Here, he attacks the free market. Algorithm trading is legal, and should be. Entrepreneurs put their money on the line. They try to forecast future prices. They use programs to do this. What is wrong with this? Ethically, nothing. Technically, nothing. No prices are rigged. If anything, algorithm trading undermines price-rigging. The various programs seek out tiny price disparities. An entrepreneur finds a price he thinks is too low in one market. He buys. He finds a price he thinks is too high in another market. He sells. He does this simultaneously. This is called arbitrage trading. It is called "buy low, sell high." Algorithms find these opportunities and execute trades in millionths of a second. So what?

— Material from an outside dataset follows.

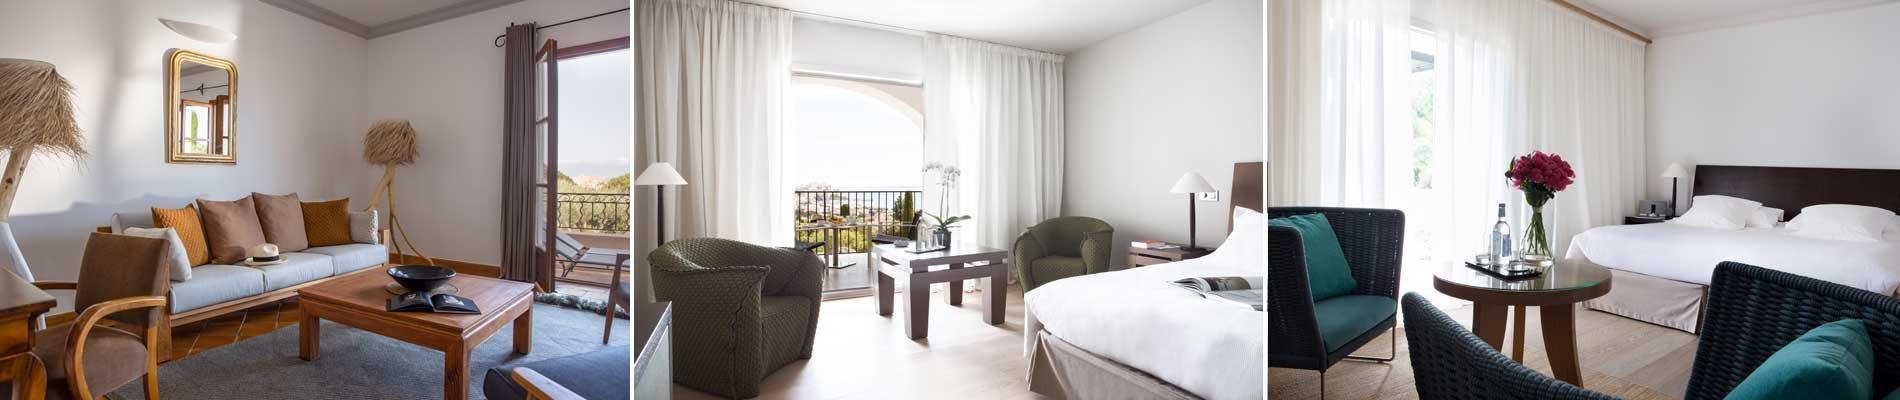 hotel la villa calvi corse corsica luxe hotel

He uses his utterly inaccurate understanding of the bond market, plus some highly improbable inside information, to draw this conclusion:

In fact, QE to Infinity will be ramped up, with double the volume of USTBond purchases in the next several months. The foreign nations will diversify out of their USTBonds held in reserve, and foreign corporations will dump outright USTBonds, in what will become the grandest vote of no confidence toward US-UK bankers in modern history. The USFed must sop up the supply. The alternatives are truly horrendous.

My prediction: None of this will happen in the next 12 months.

CONCLUSION

My advice is this: ignore his italics, his bold facing, his capitalized words, and his exclamation points. Their only function is to emphasize hype-driven conclusions that are drawn from analytical and conceptual mistakes.

Economically unsophisticated readers love bold facing, italics, and exclamation points. "This must be important," they think. "I mean, the type face looks really scary." What is scary is that Jim Willie is taken seriously.

Ignore him. He doesn't know what he is talking about.

He may decide to respond to my article. I welcome the opportunity to reply. This is like shooting fish in a barrel.

His subscribers will send him links to my article. They will beg him to respond, to show I've got it all wrong. I recommend the following to him: "When you're in a deep hole, stop digging." The wise strategy would be to pretend I never wrote it. He can hope that most of his subscribers don't see it, or else they forget about it.